Second, generalize common routines into a single module, providing a base framework for the respective operations. As an example, we centralized the basic input/output (IO) operations into an IO object, called Bio∷Root∷IO. Because all modules that need IO data access use operations from the IO module, these operations are implemented across the entire package in a consistent way. This design choice also provides a single location for applying improvements to the shared methods.
Third, use the Factory and Strategy patterns (Gamma et al. 1994) as much as possible. A Strategy pattern defines one or more operations that a particular implementation must support. For example, Bio∷SeqIO uses a Strategy pattern by specifying that Bio∷SeqIO modules must support the operation next_seq( ).

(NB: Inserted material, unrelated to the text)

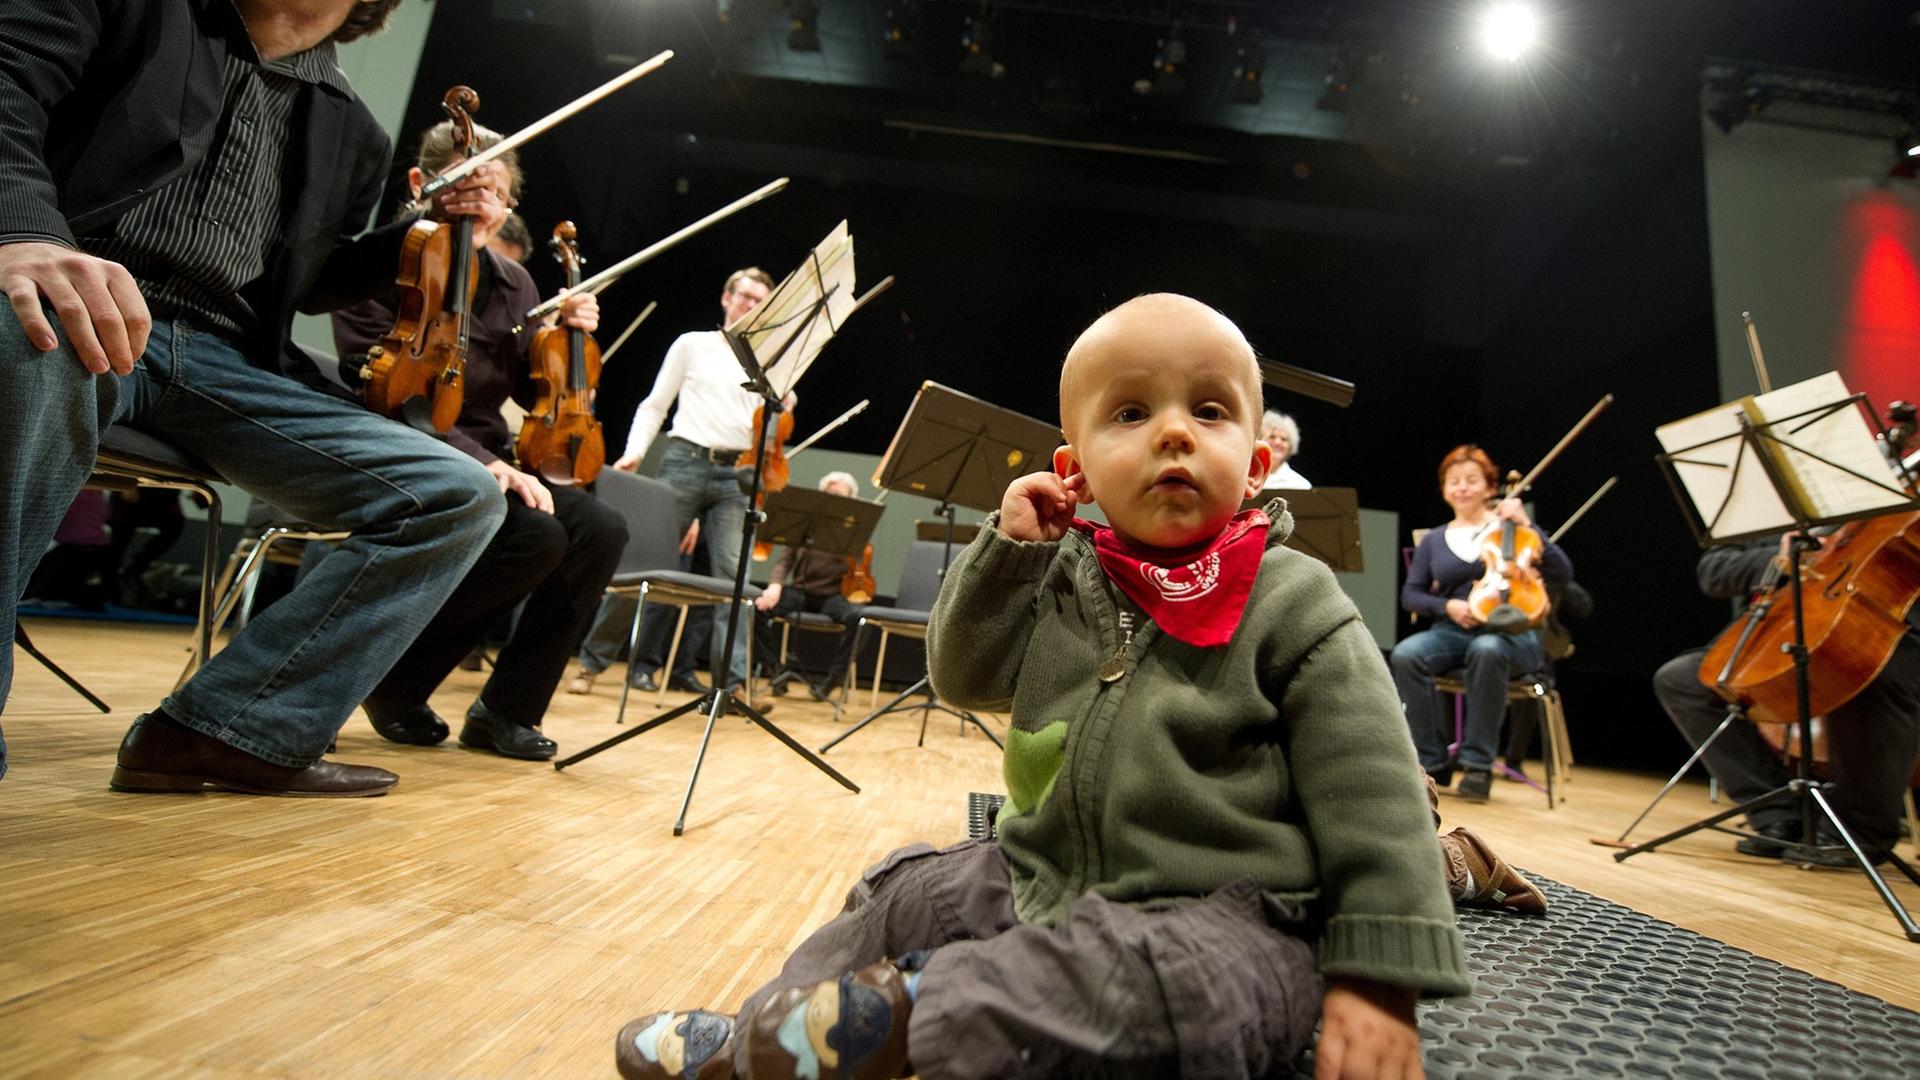 Der kleine Niklas fasst sich am 21.11.2012 in Heilbronn (Baden-Württemberg) vor Beginn des Babykonzerts des Württembergischen Kammerorchesters Heilbronn an sein Ohr. Eltern mit ihren Babys besuchten das ausverkaufte Konzert des Orchesters, das klassische Musik spielte.

Various parsers implement their own parsing algorithms, but each parser has a next_seq( ) method that provides consistency and eases usage. Example usage of the Bio∷SeqIO module can be seen in Figure 3.
Figure 3.
Retrieving a sequence from a remote database with Bio∷DB∷EMBL. This code retrieves an mRNA sequence in EMBL format from the EBI EMBL databank with the accession no. U14680 and writes the sequence out in GenBank format to the terminal. One could replace Bio∷DB∷EMBL with Bio∷DB∷GenBank and instead retrieve the sequence from NCBI just as easily, as the software can read and write both EMBL and GenBank formats and is able to connect to both services through the World Wide Web. The retrieved sequence can then be passed to Bio∷Graphics for graphical rendering, to the Bio∷SeqIO interface for writing to a file, or to the ODBA interfaces for storage in a relational database.

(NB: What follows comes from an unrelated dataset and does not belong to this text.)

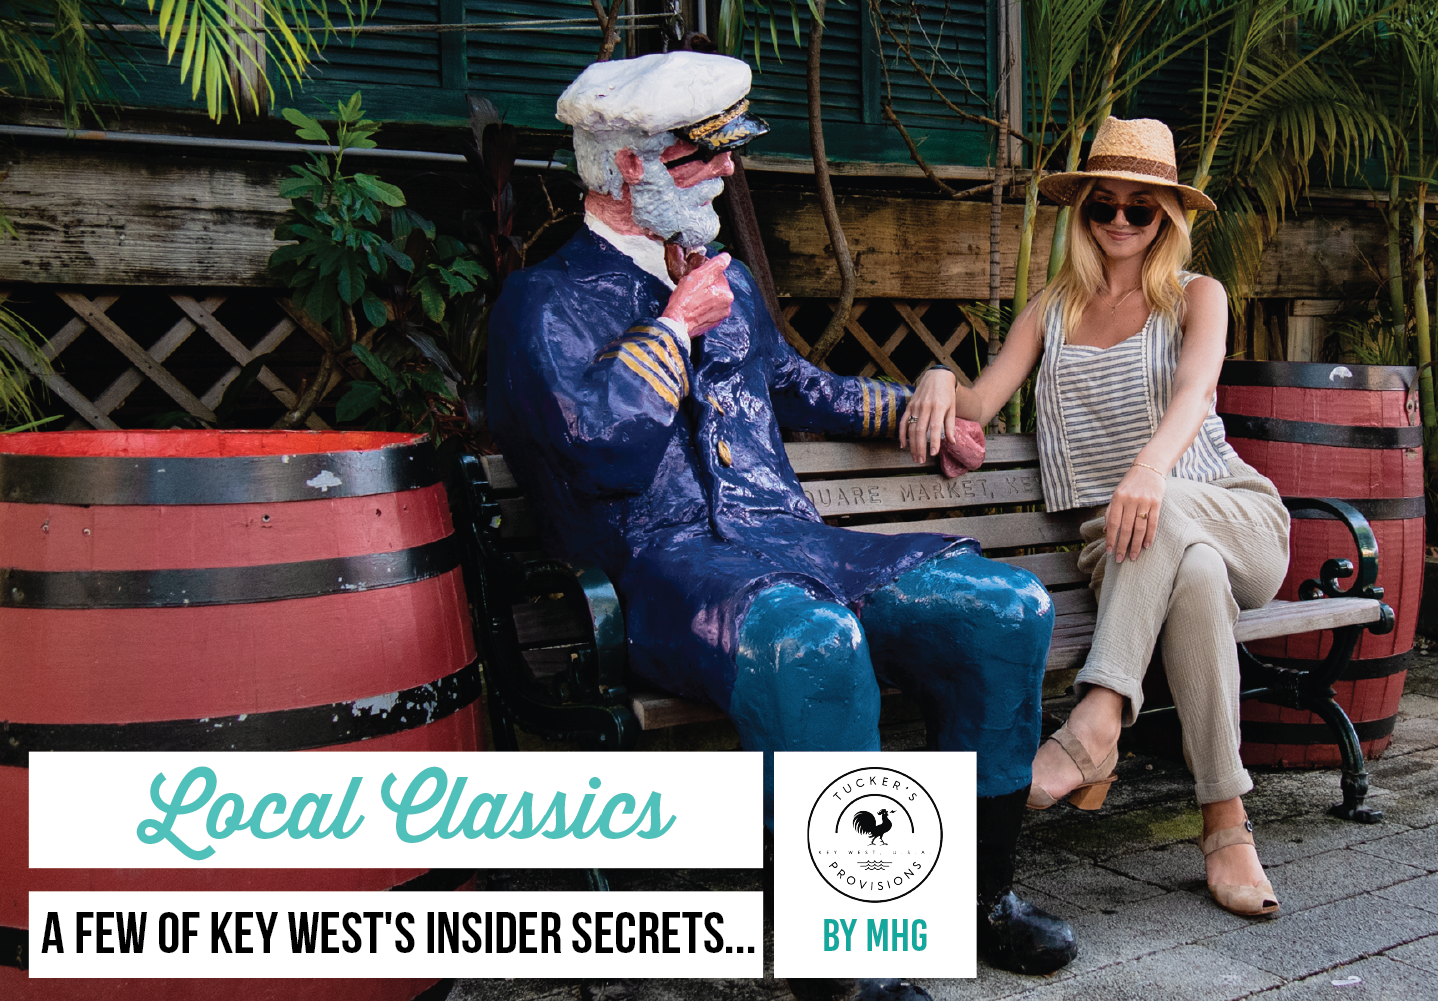 LOCAL CLASSICS – A few of Key West's insider secrets...

The Factory pattern is a design pattern used when a module must create an object but cannot know what specific subtype must be created. It can serve as an aggregator for a set of modules that implement the same Strategy. For example, the Bio∷SeqIO module acts as a Factory that produces specific sequence file parsers for different sequence formats. When the user asks Bio∷SeqIO to parse a particular sequence file, Bio∷SeqIO determines the correct parser to instantiate and invoke, thereby shielding application code from the technical details of the sequence file format and the Bio∷SeqIO object hierarchy. Application code can be written generally to handle sequence input without worrying about whether it is processing a sequence file in GenBank, EMBL, SwissProt, or BSML format, or whether the sequence data is local, or being retrieved dynamically from a remote database via the Internet.
Bioperl is written purely in Perl and requires at least version 5.005 of the Perl interpreter (the current stable version of Perl as of the time of writing is 5.8.0). The toolkit has been validated for cross-platform compatibility on most UNIX and UNIX-like operating systems. In addition, Bioperl has been tested and runs on Macintosh OS X and Microsoft Windows operating systems.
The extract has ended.